Arcana.Graph.EntityExtractor behaviour (Arcana v1.3.3)

Behaviour for entity extraction in GraphRAG.

Entity extractors identify named entities (people, organizations, locations, etc.) from text. Arcana provides a built-in NER implementation, but you can implement custom extractors for different approaches.

Built-in Implementations

Arcana.Graph.EntityExtractor.NER - Local Bumblebee NER (default)

Configuration

Configure your entity extractor in config.exs:

# Default: Local NER with distilbert-NER
config :arcana, :graph,
  entity_extractor: :ner

# Custom module implementing this behaviour
config :arcana, :graph,
  entity_extractor: MyApp.LLMEntityExtractor

# Custom module with options
config :arcana, :graph,
  entity_extractor: {MyApp.LLMEntityExtractor, model: "gpt-4"}

# Inline function
config :arcana, :graph,
  entity_extractor: fn text, opts -> {:ok, extract_entities(text)} end

Implementing a Custom Extractor

Create a module that implements this behaviour:

defmodule MyApp.LLMEntityExtractor do
  @behaviour Arcana.Graph.EntityExtractor

  @impl true
  def extract(text, opts) do
    llm = opts[:llm] || raise "LLM required"
    # Use LLM to extract entities...
    {:ok, entities}
  end

  # Optional: implement for batch optimization
  @impl true
  def extract_batch(texts, opts) do
    # Batch LLM call...
    {:ok, results}
  end
end

Entity Format

Extractors must return entities as maps with at least:

:name - The entity name (required)
:type - Entity type as atom: :person, :organization, :location, :concept, :other

Optional fields:

:span_start - Character offset where entity starts
:span_end - Character offset where entity ends
:score - Confidence score (0.0-1.0)
:description - Brief description of the entity

Summary

Callbacks

extract(text, opts)

Extracts entities from a single text.

extract_batch(texts, opts)

Extracts entities from multiple texts in batch.

Functions

extract(fun, text)

Extracts entities using the configured extractor.

extract_batch(fun, texts)

Extracts entities from multiple texts using the configured extractor.

Callbacks

extract(text, opts)

@callback extract(text :: String.t(), opts :: keyword()) ::
  {:ok, [map()]} | {:error, term()}

Extracts entities from a single text.

Parameters

text - The text to extract entities from
opts - Options passed from the extractor configuration

Returns

{:ok, entities} - List of entity maps
{:error, reason} - On failure

extract_batch(texts, opts)

(optional)

@callback extract_batch(texts :: [String.t()], opts :: keyword()) ::
  {:ok, [[map()]]} | {:error, term()}

Extracts entities from multiple texts in batch.
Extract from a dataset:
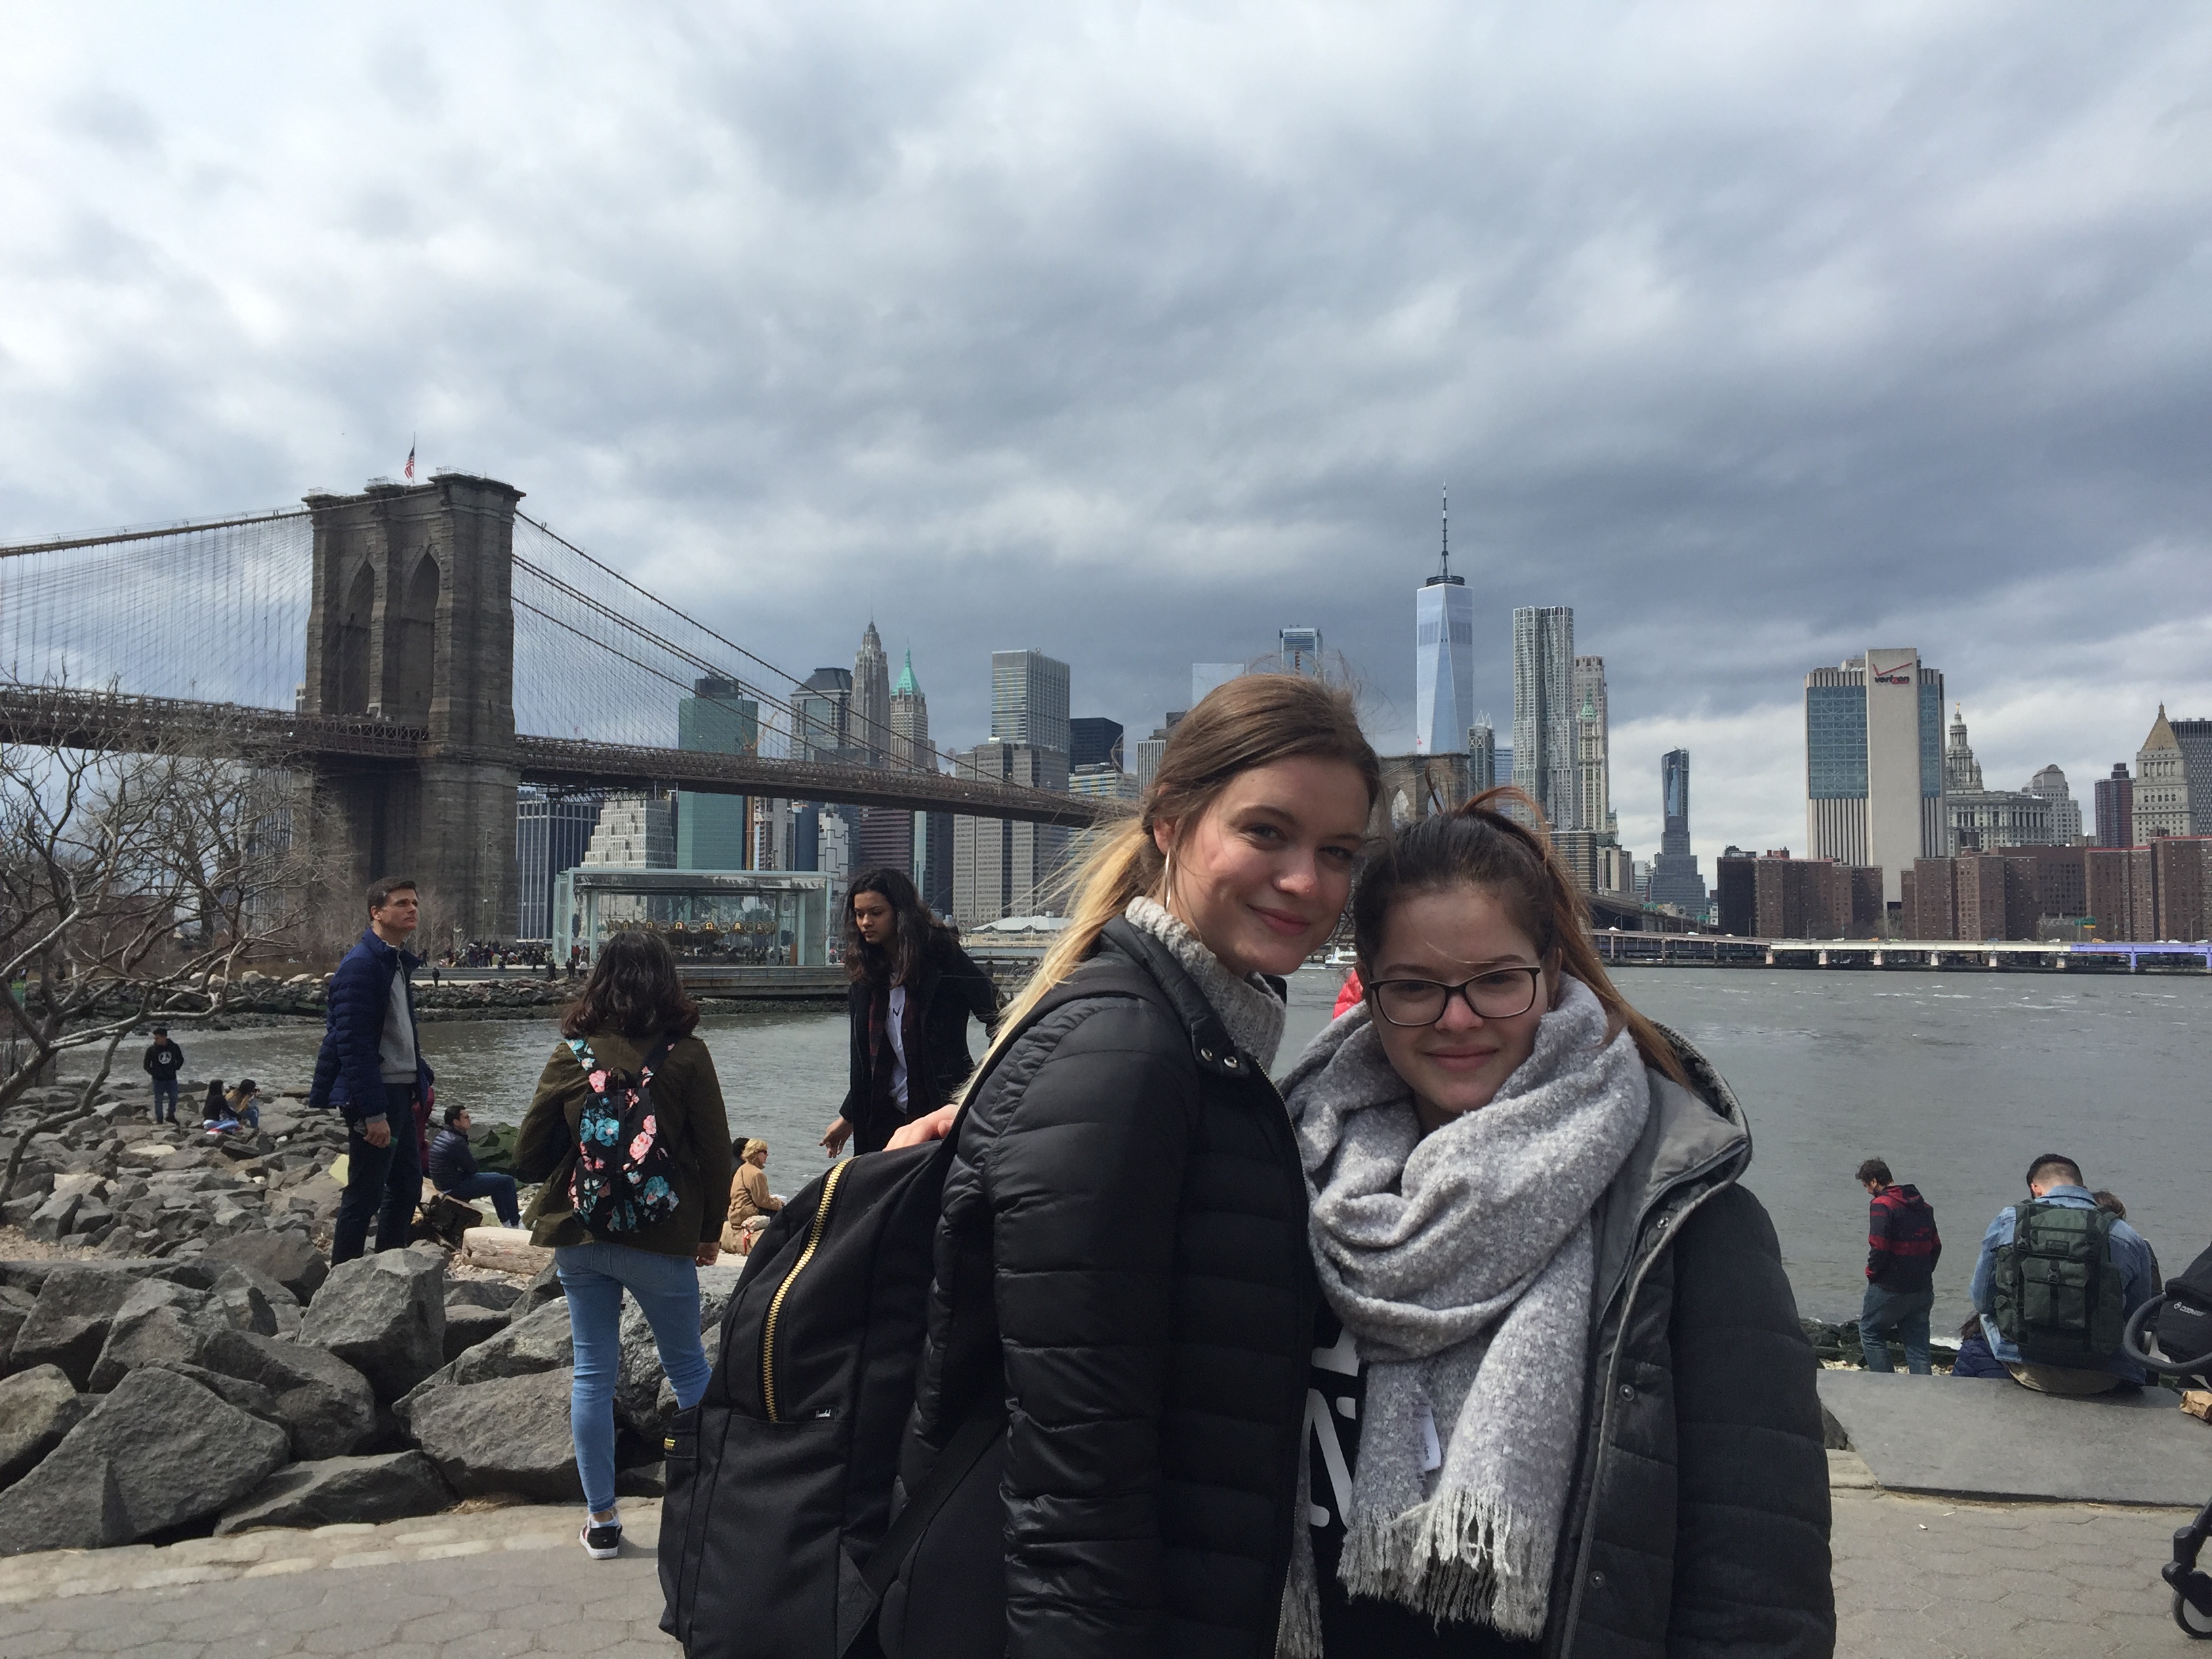 Vanessa and her sister in front of the infamous Brooklyn Bridge (Brooklyn side).
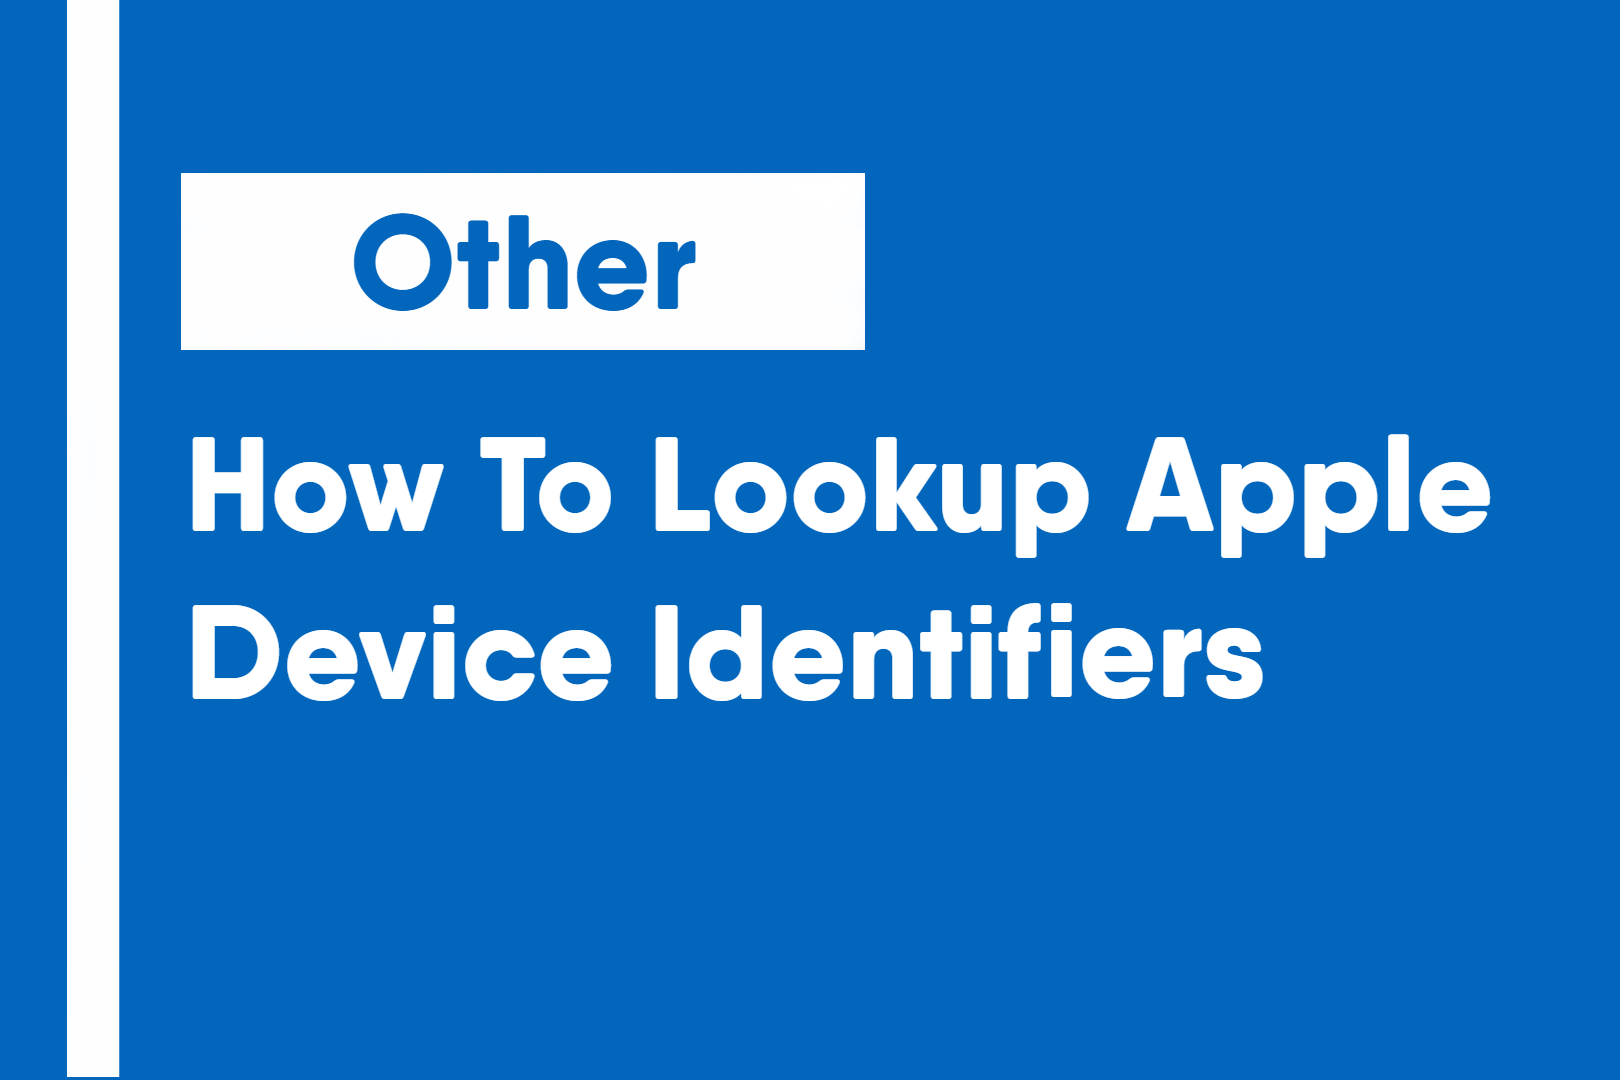 How To Lookup Apple Device Identifiers

Default implementation calls extract/2 for each text sequentially. Override for extractors that support native batch processing.

Functions

extract(fun, text)

Extracts entities using the configured extractor.

The extractor can be:

A {module, opts} tuple where module implements this behaviour
A function (text, opts) -> {:ok, entities} | {:error, reason}

Examples

# With module
extractor = {Arcana.Graph.EntityExtractor.NER, []}
{:ok, entities} = EntityExtractor.extract(extractor, "Sam Altman leads OpenAI")

# With inline function
extractor = fn text, _opts -> {:ok, [%{name: "Test", type: :other}]} end
{:ok, entities} = EntityExtractor.extract(extractor, "some text")

extract_batch(fun, texts)

Extracts entities from multiple texts using the configured extractor.

Falls back to sequential extraction if the module doesn't implement extract_batch/2.